I have never been ashamed of Frankie and his fight with addiction. Frustrated? Bewildered? Helpless? Oh yes! Frank had a hard time getting sober because he had a hard time giving over power. He would go down many paths and say "This will work, I'll just change this." or "I'll just do this step before that step." But finally he found the right path and surrendered himself. The last two years he was largely successful. Unfortunately, with addiction, you are never free, you are never fixed or cured. Sometimes the best you can hope for is longer periods of sobriety and shorter falls off the path.
The part that was hardest for me to accept was the fact that your recovery includes going back and pulling others up and out with you. But Frank embraced that. And now I see clearly - OF COURSE HE DID, lol! It was the adult version of "Everybody plays or nobody plays."
Frank wasn't some mythic figure. He stumbled. He hurt people. And he wasn't universally loved. There were people who disliked or resented Frank for one reason or another.
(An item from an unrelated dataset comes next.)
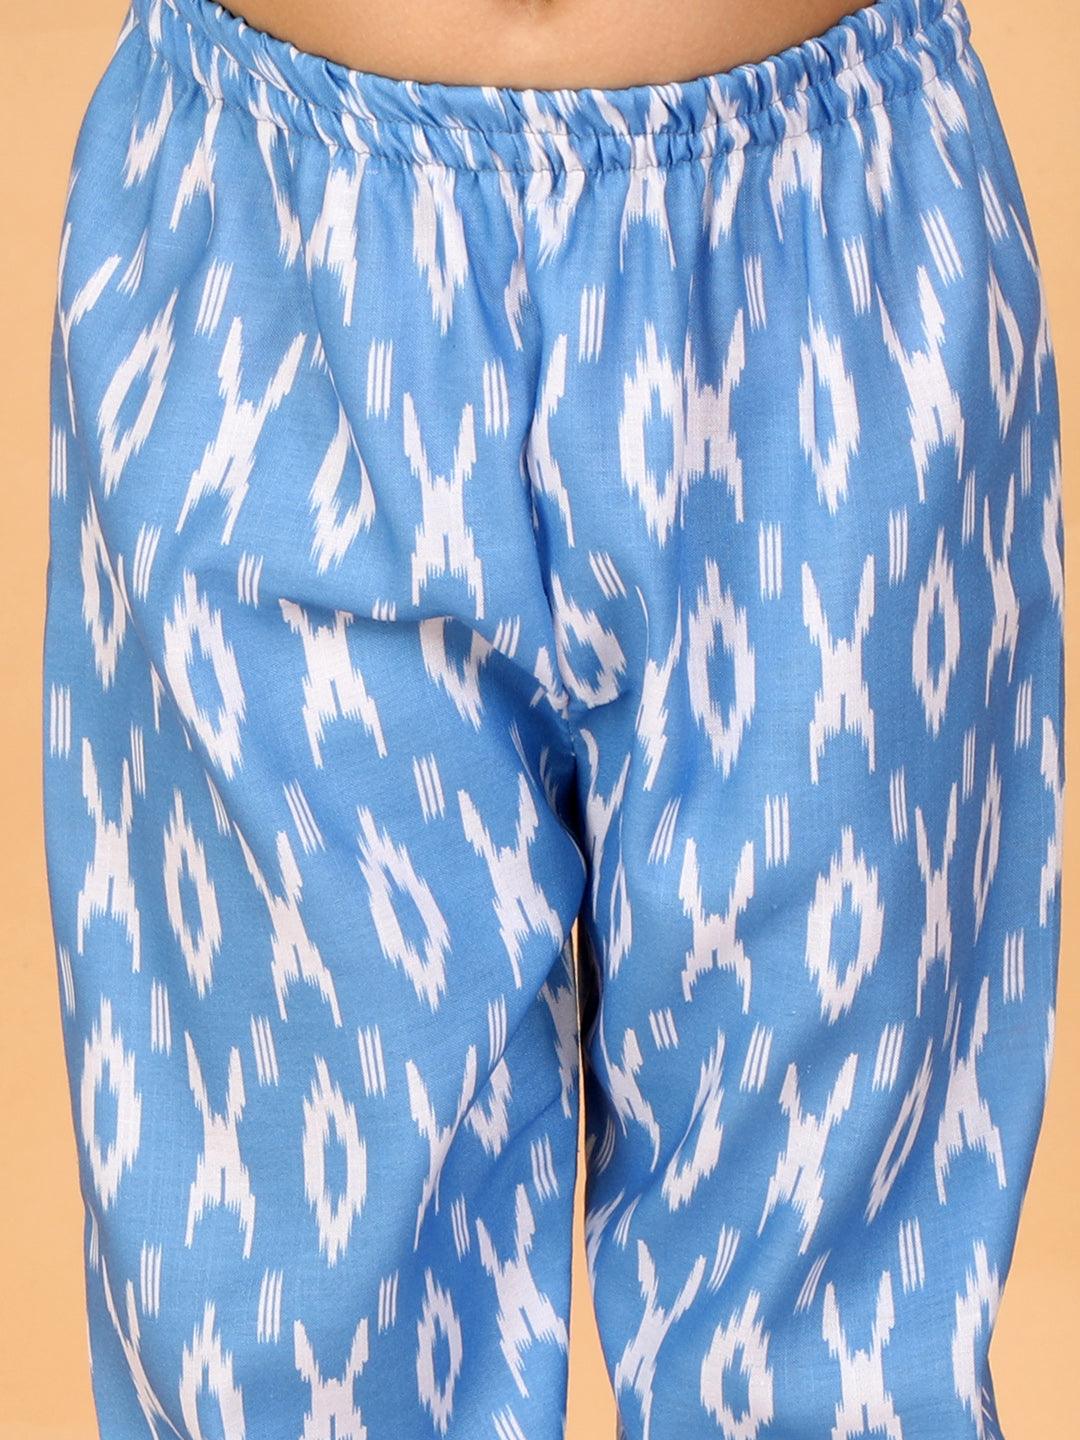 Boy's Aqua And White Jacket, Kurta and Pyjama Set & Girl's Aqua Blue Kurta And Pant Set - Vastramay - Indiakreations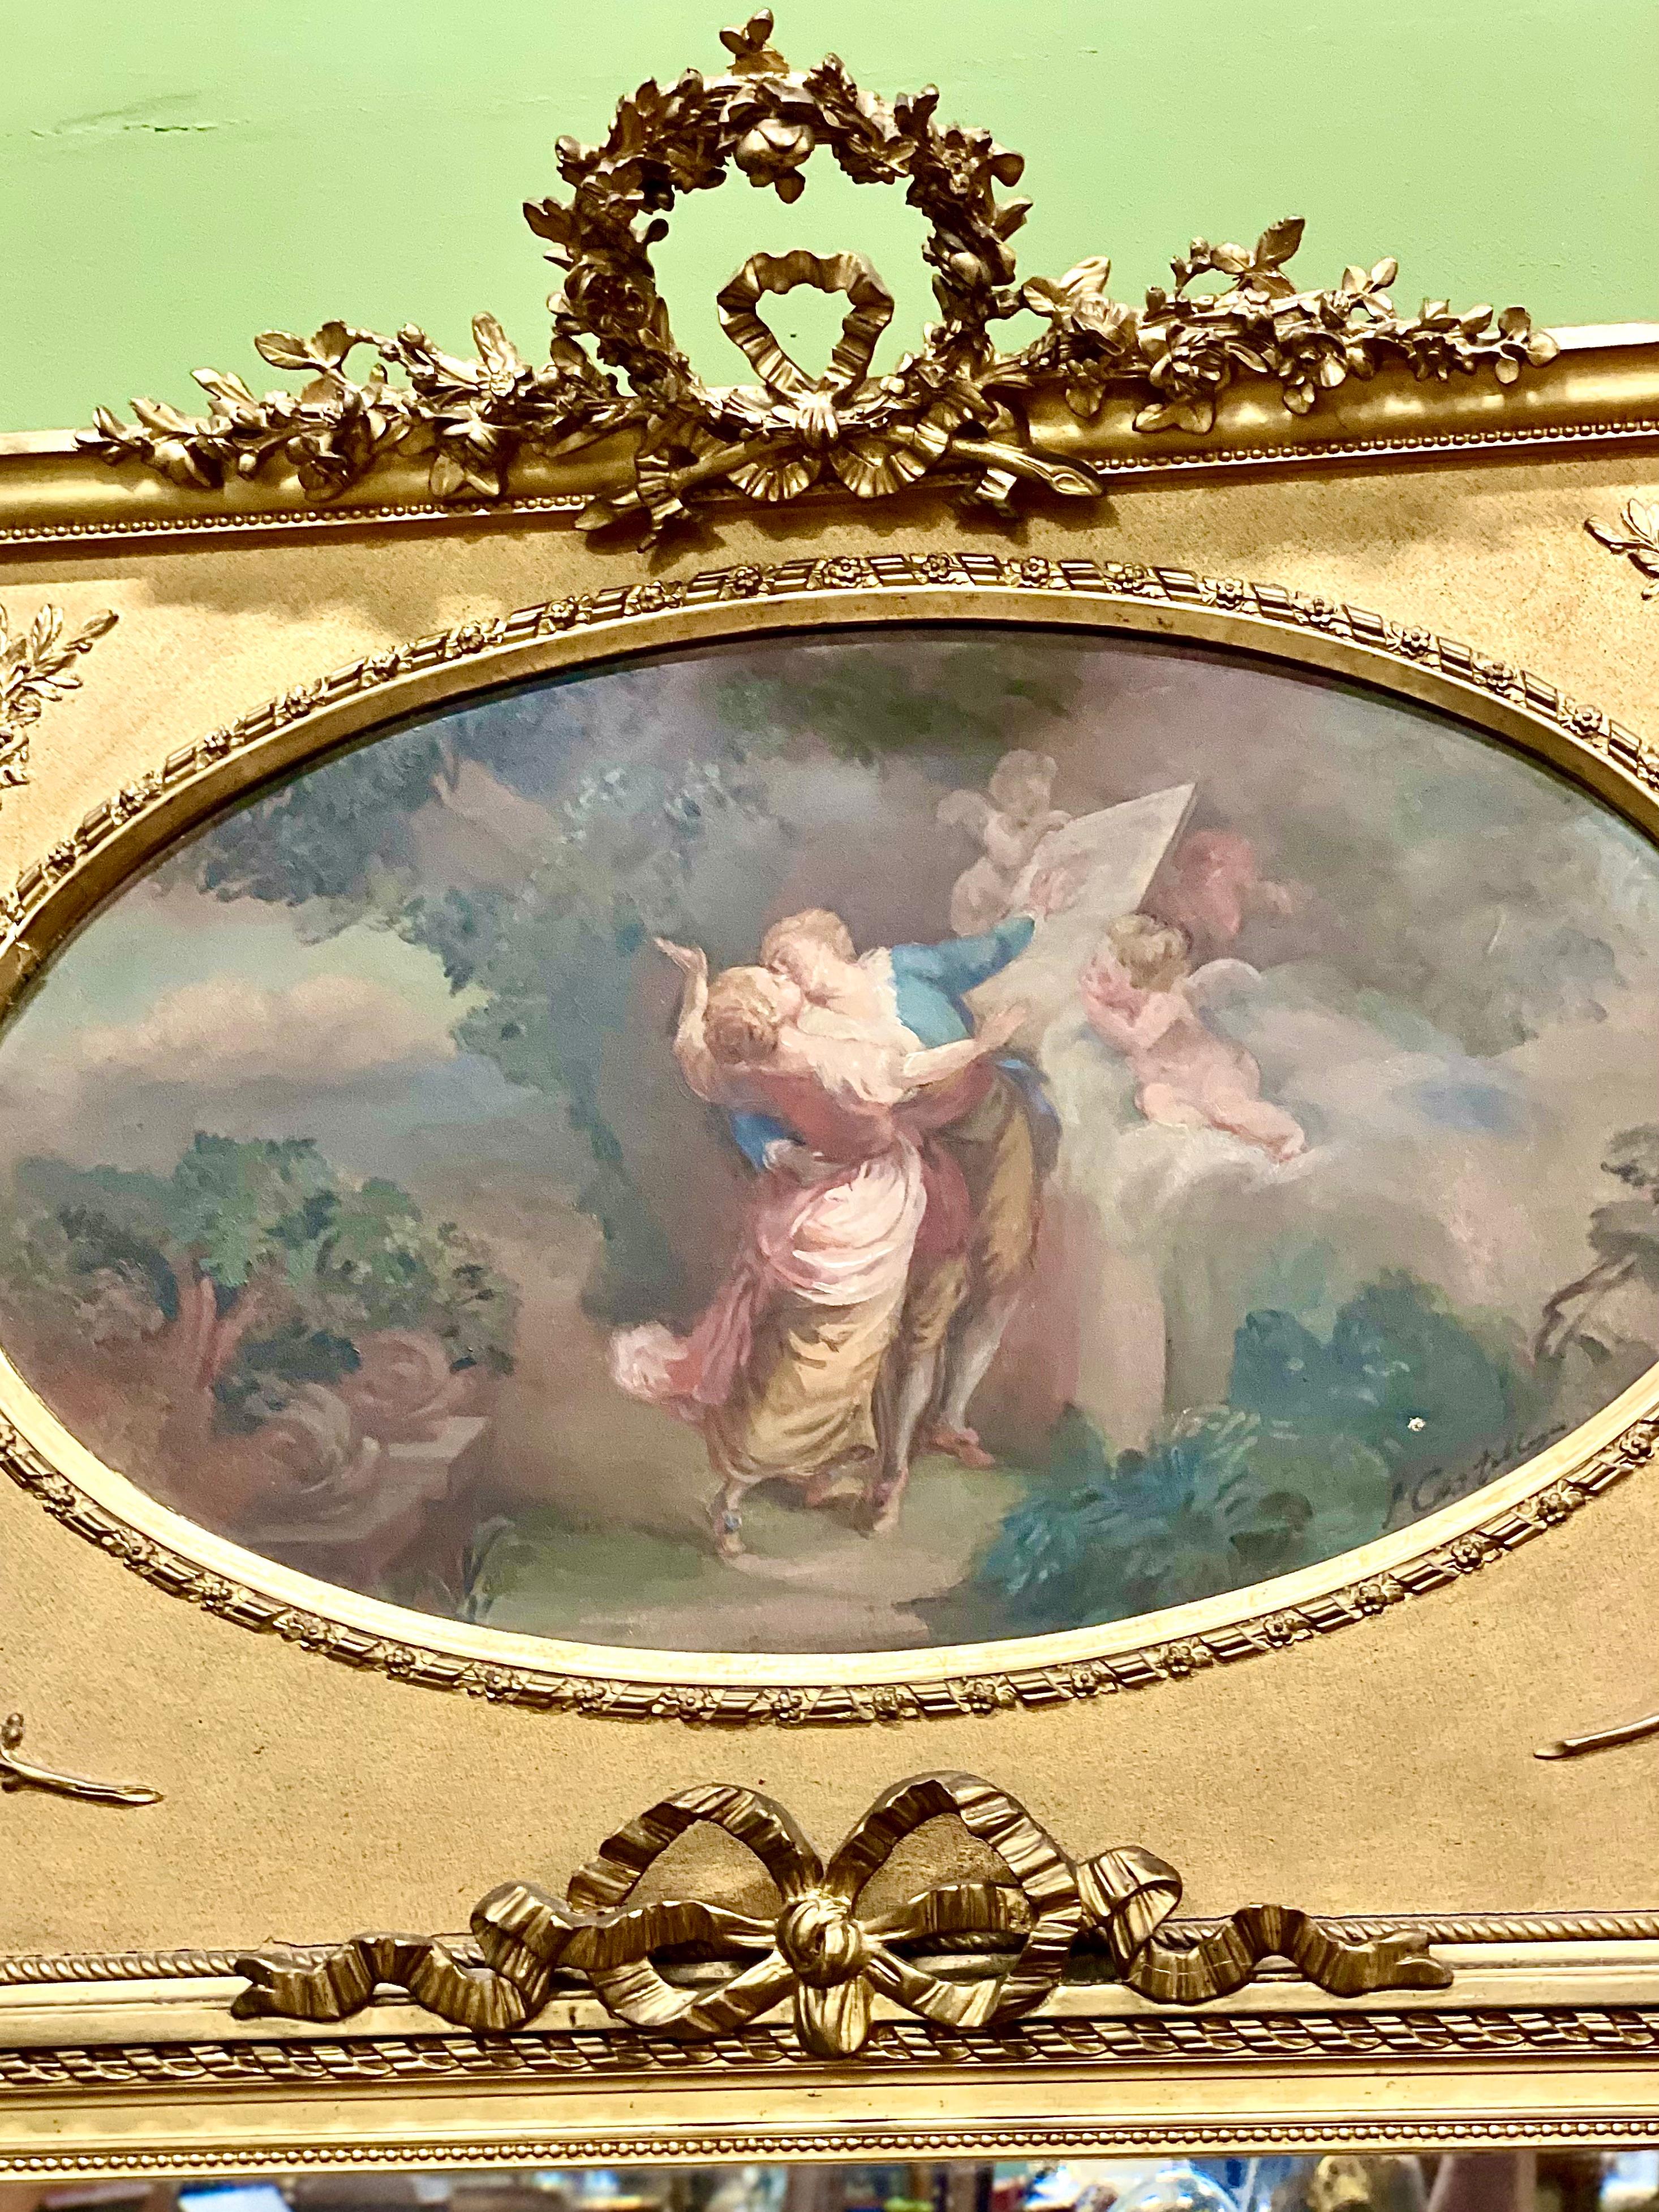 Miroir trumeau français du XIXe siècle, en bois doré. Ce grand et imposant miroir de style Louis XVI et de l'époque Napoléon III devait à l'origine être encastré dans les boiseries ou dans l'espace mural entre deux fenêtres pour amplifier la lumière

Not the least of which was his struggle with addiction. There were people who turned away from him.
But Frank forgave everyone. I used to joke that Frank was sadly born without the gene that allowed a person to hold a grudge.
This isn't the best pic of either Frankie, Senior or Junior. But it's recent and it was a happy and fun day. Bunker Hill Day, 2016, at the parade in Charlestown.
Sadly, my much loved son is in the building you can see over his left shoulder. Carr's Funeral Home.